Hoje em dia é possível escolher qualquer restaurante. O transporte é
fácil e barato. Em meia hora, um entregador de bicicleta traz o pedido.
Ele terá ficado a noite inteira atento ao celular para ver se entravam
pedidos. Pela entrega, receberá cerca de seis euros pelo mau tempo, em
vez dos quase cinco habituais. Não tem contrato de trabalho. É autônomo.

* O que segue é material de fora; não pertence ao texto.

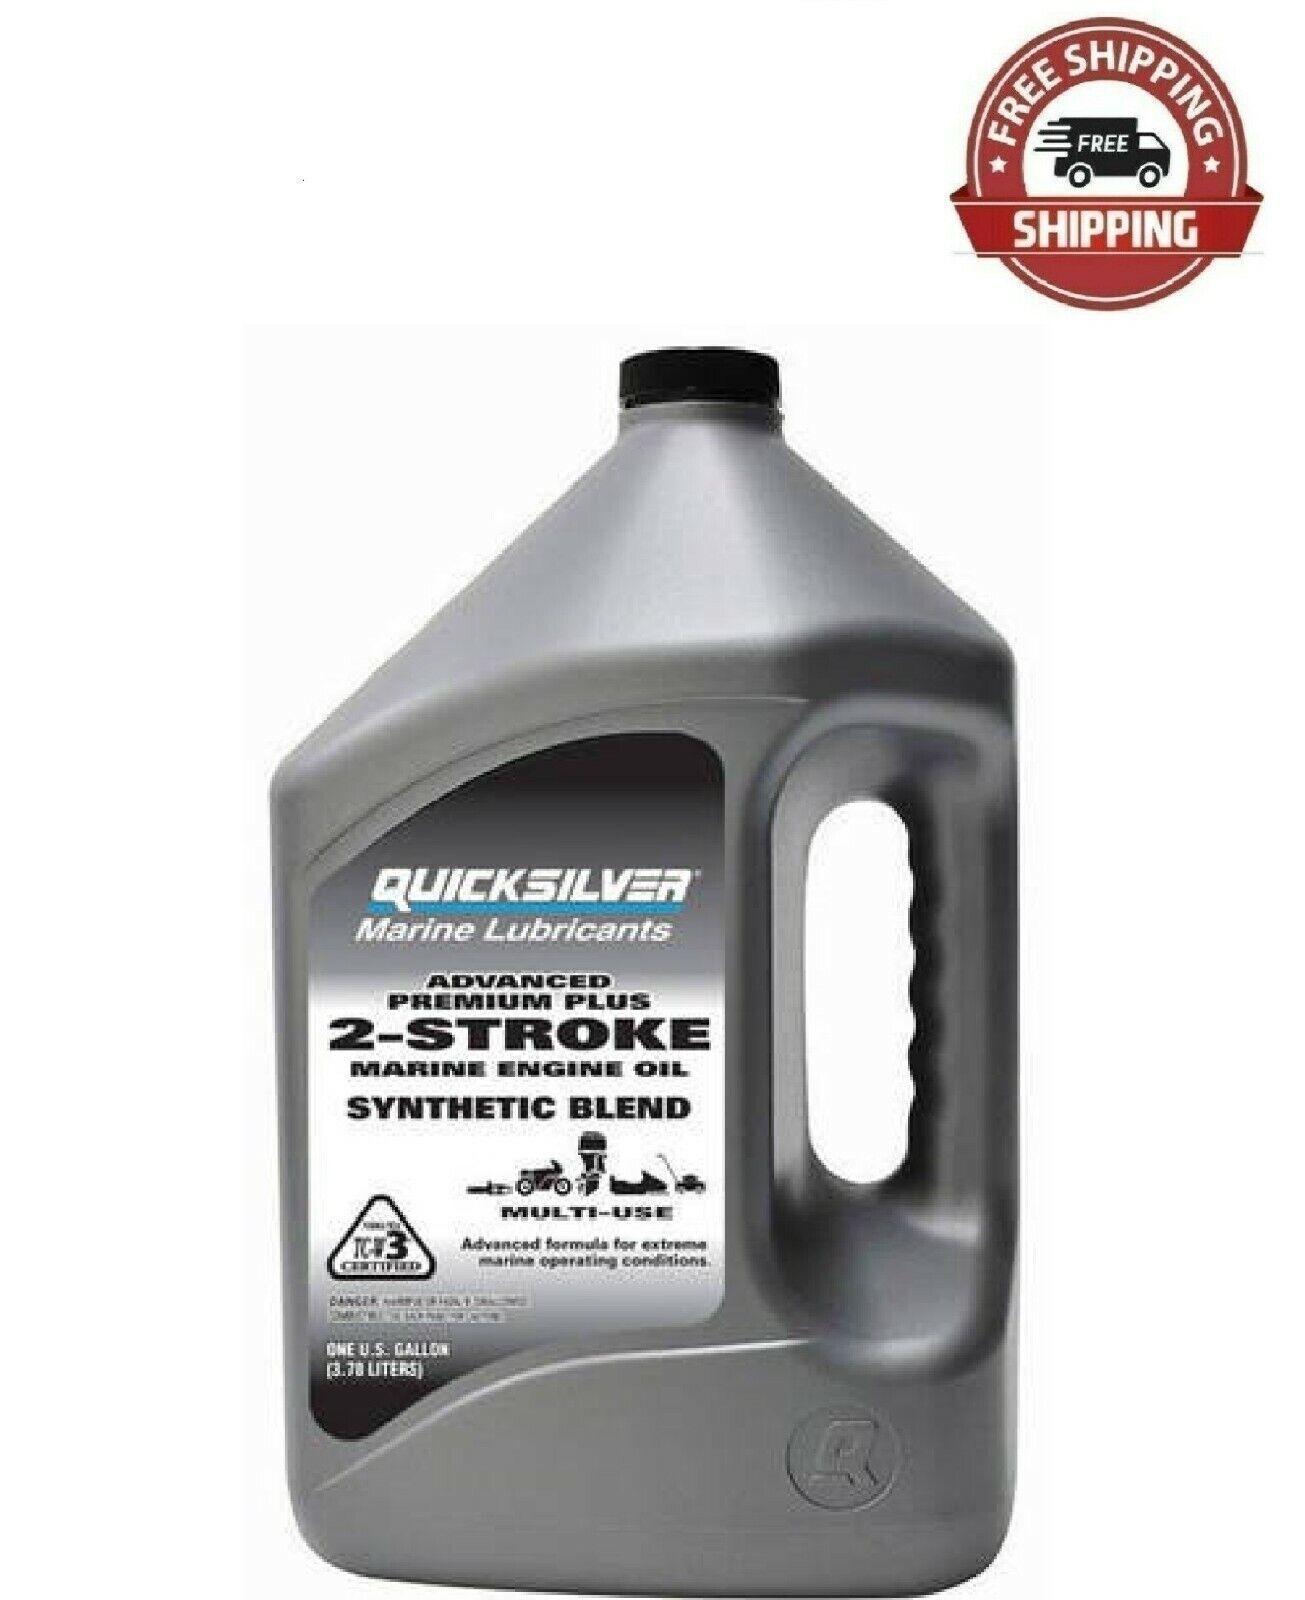 Quicksilver Premium plus 2-Stroke Synthetic Blend Marine Oil - 1 Gallon, New;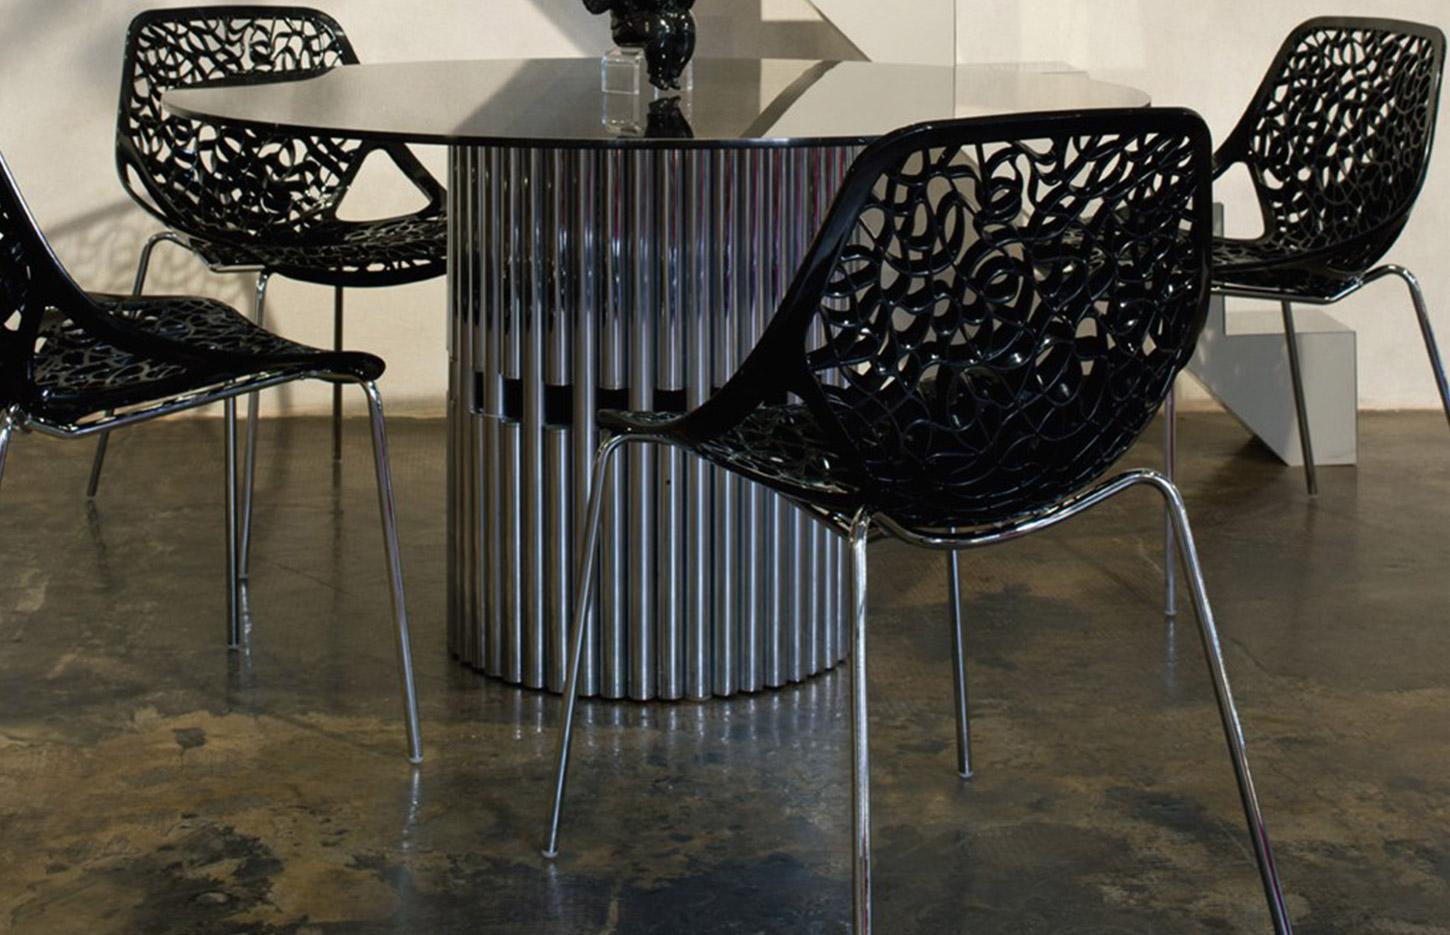 Table et chaise d\'extérieur, coque nylon et pieds en acier chromé, gamme Arlanza - France Bureau

Nenhum acordo setorial o protege,
ao contrário do que acontece com outros mensageiros assalariados de
empresas tradicionais. Se tiver um acidente, as despesas serão por sua
conta. Pedir comida em casa é um dos confortos da vida moderna. E o serviço
está cada vez mais eficiente. Não importa que o restaurante escolhido
não tenha serviço de entrega. É possível pedir de tudo, não apenas a
típica pizza ou comida chinesa, e a preço acessível, apenas clicando no celular. Como dizia Evan Williams, cofundador do Twitter,
se a Internet oferece uma coisa, é “conveniência”: “Torna os desejos
humanos mais fáceis de alcançar porque as coisas são muito rápidas e não
há tempo para pensar demais”. É esse “você quer, você tem”, tão simples
que procurar uma alternativa parece uma complicação desnecessária. A tecnologia multiplicou os serviços que nos facilitam a vida. Mas
por trás dessa comodidade se escondem dilemas. O arco de empresas que se
dedicam à chamada economia gig economy (economia sob demanda) é muito amplo. A Amazon
é capaz de enviar quase qualquer produto em poucas horas, mas seus
críticos advertem que é uma ameaça ao comércio tradicional. O Airbnb,
que permite que turistas se hospedem em apartamentos para se sentirem
como em casa, é apontado como uma das causas do aumento dos preços dos
aluguéis. No transporte e na distribuição, empresas como Deliveroo,
Glovo, Uber e Cabify,
para citar algumas, revolucionaram o setor à custa de condições de
trabalho que levantam problemas. Até agora, a resistência a essas
iniciativas vem principalmente de concorrentes (motoristas de táxi,
hotéis, serviços de empresas de logística...), não dos consumidores. Para entender o problema, vamos analisar sua natureza. Tradicionalmente, a maioria desses novos negócios foi classificada como economia colaborativa.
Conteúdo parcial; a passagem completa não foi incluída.